Mistajay: What are your future plans?

Fly Academic: Like I said, I’m going to keep making the music that turns me on, keep making beats. I’ll work with the people I want to work with, and just have fun. Life is too short for anything else. I have a day job, I have a girl, I have a life outside of this- which I guess I never really had before. For a while, music was the only thing I really had, or at least I worked myself into a frenzy thinking that way, and that put me in a desperate position. Now it’s just something in my life that I can enjoy. I’ll be releasing my “debut” album as Fly Academic (if you can call it that after 10 years in the game) in the next few months. “Misfit Toy or: How I Learned to Enjoy Losing.” A semi-autobiographical concept album about a musically talented kid who traded his soul for a bunch of false promises, ran himself into the ground and nearly lost everything before realizing he had actually been living his dream all along. The greatest story never told :)
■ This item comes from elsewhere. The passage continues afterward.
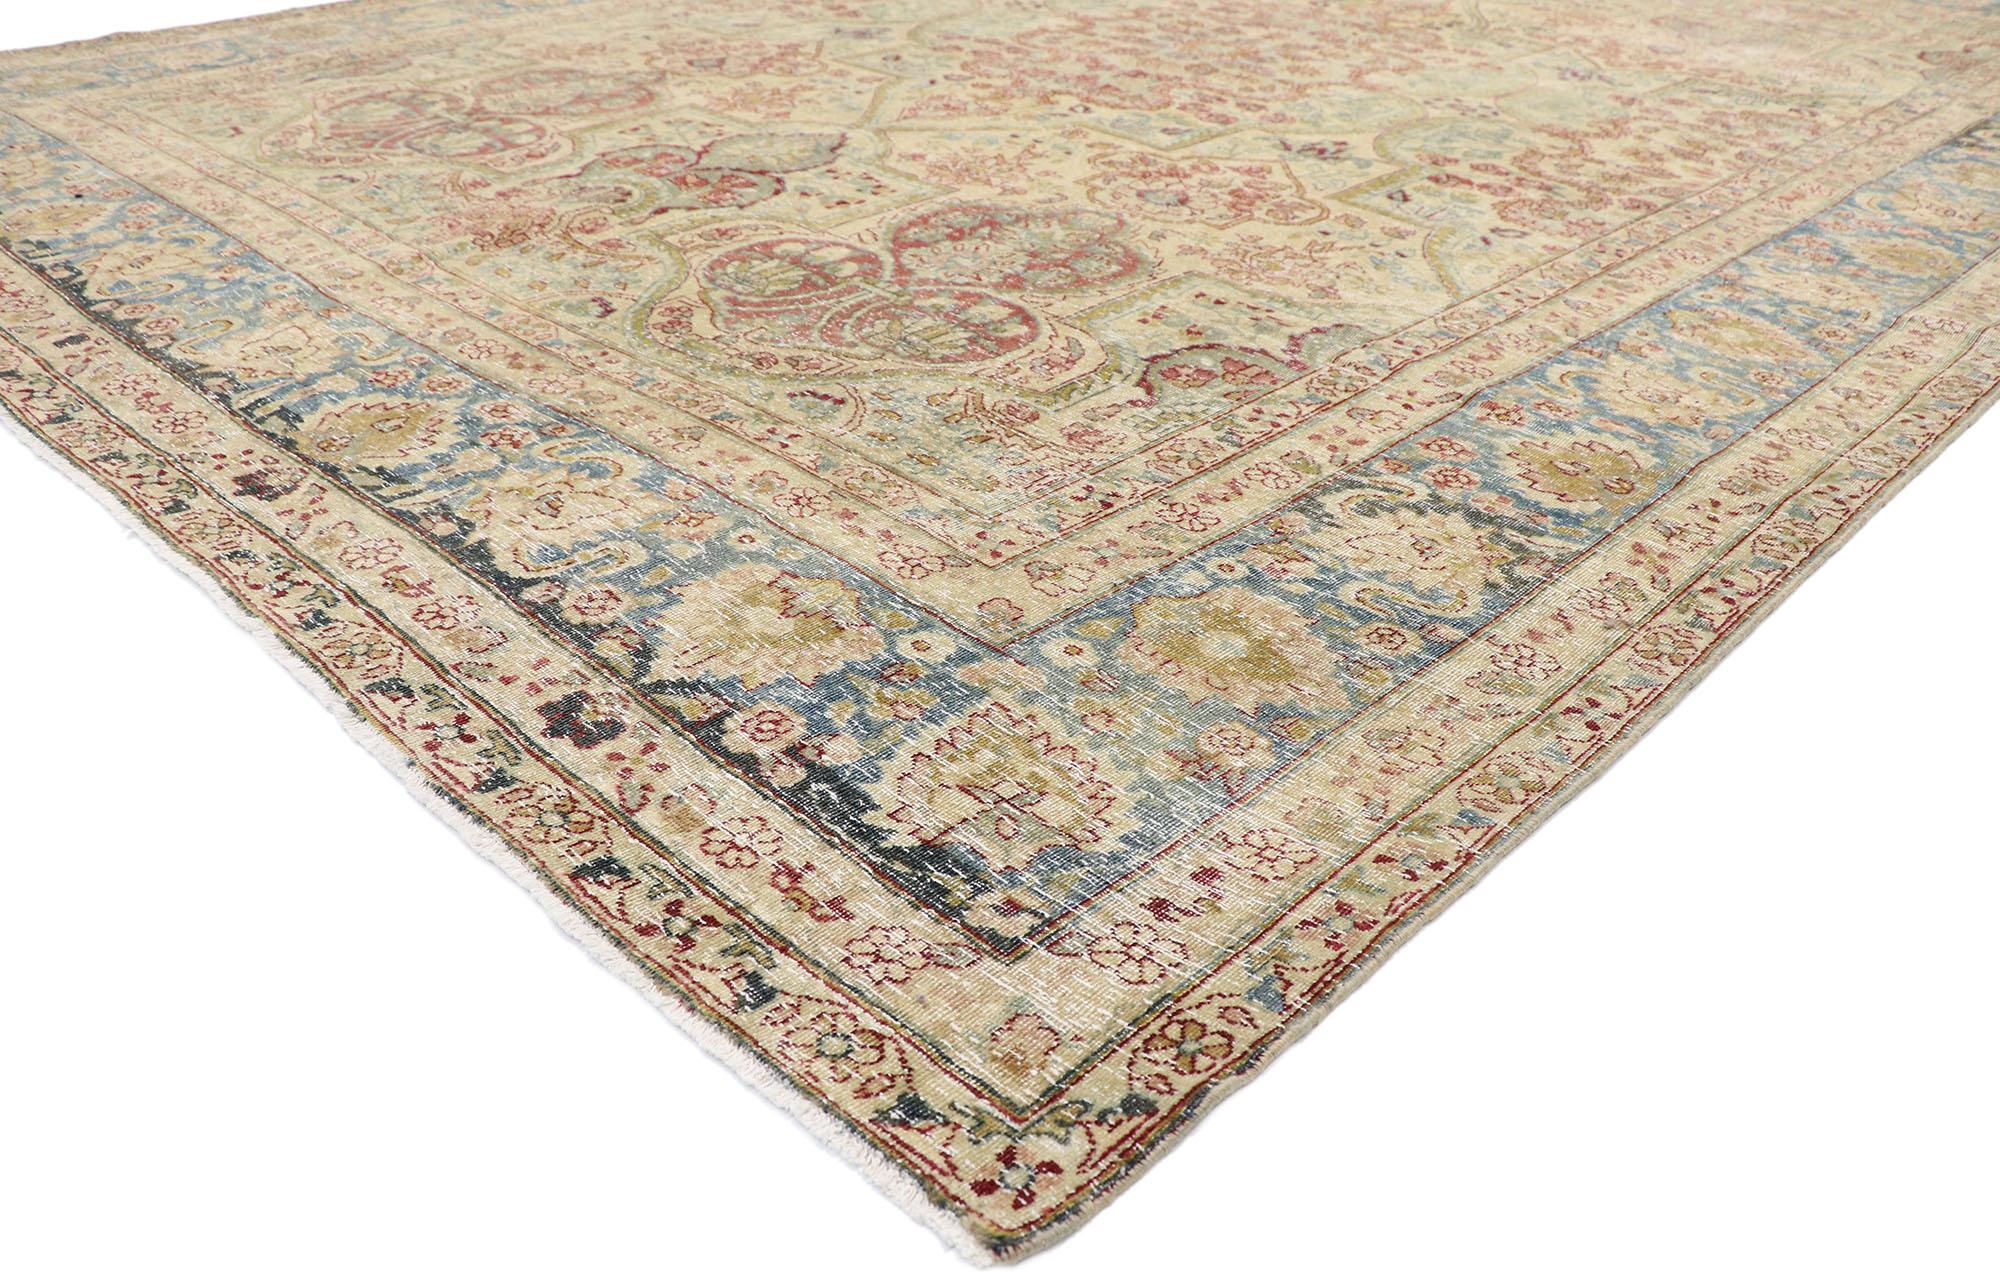 60841 Distressed antique Persian Yazd rug with Rustic English Chintz style. Balancing a timeless floral design with traditional sensibility and a lovingly timeworn patina, this hand-knotted wool distressed antique Persian Yazd rug beautifully
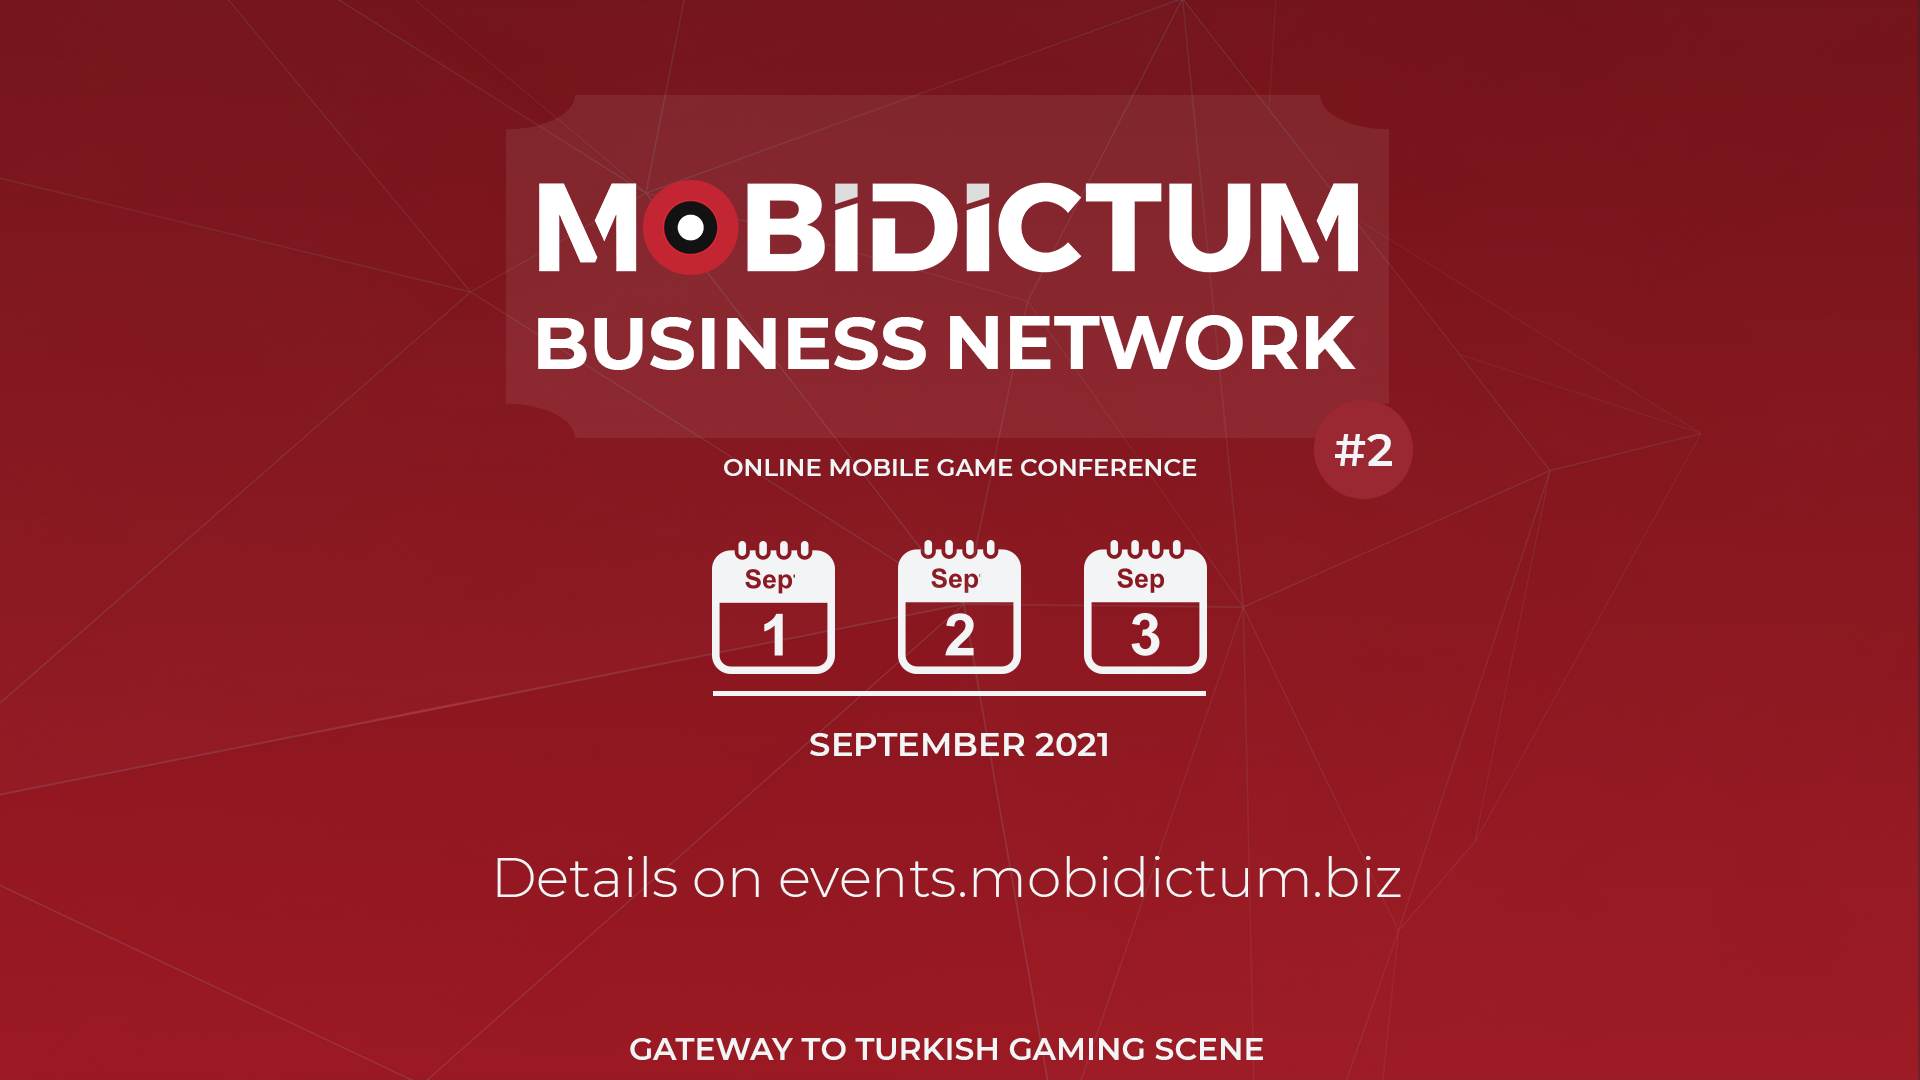 The mobile game industry meets: Mobidictum Business Network #2 is coming!

Mistajay: Any last thoughts?

Fly Academic: Thanks for this opportunity. I really appreciate it. I hope if nothing else people can learn from my mistakes. Do this music thing for the love. The music “business” is soulless. It’s cold, lifeless. The real music is coming out of your local coffee shop on open mic night, from the teenage kid’s bedroom who just saved up enough for his first beatmaker, from the freestyle cyphers on the street corners. I have love for mainstream artists. My sound is ‘mainstream’ in terms of pop sensibility and production. But aspiring to be one of those artists can be dangerous, because you have no idea what they had to trade in or sacrifice (read: compromise) for their shot at the top.

Mistajay: Where can fans follow you and get your music?

Fly Academic: Fly Academic on the web









Mistajay is doing a monthly interview feature the underground experience on the blog www.empiremusiq.com/blog and would like to interview you for this new post please contact nccceo2@yahoo.com to publicize any new projects that you have coming up thanks for your time. Donate or pay $50 dollar interview fee below!!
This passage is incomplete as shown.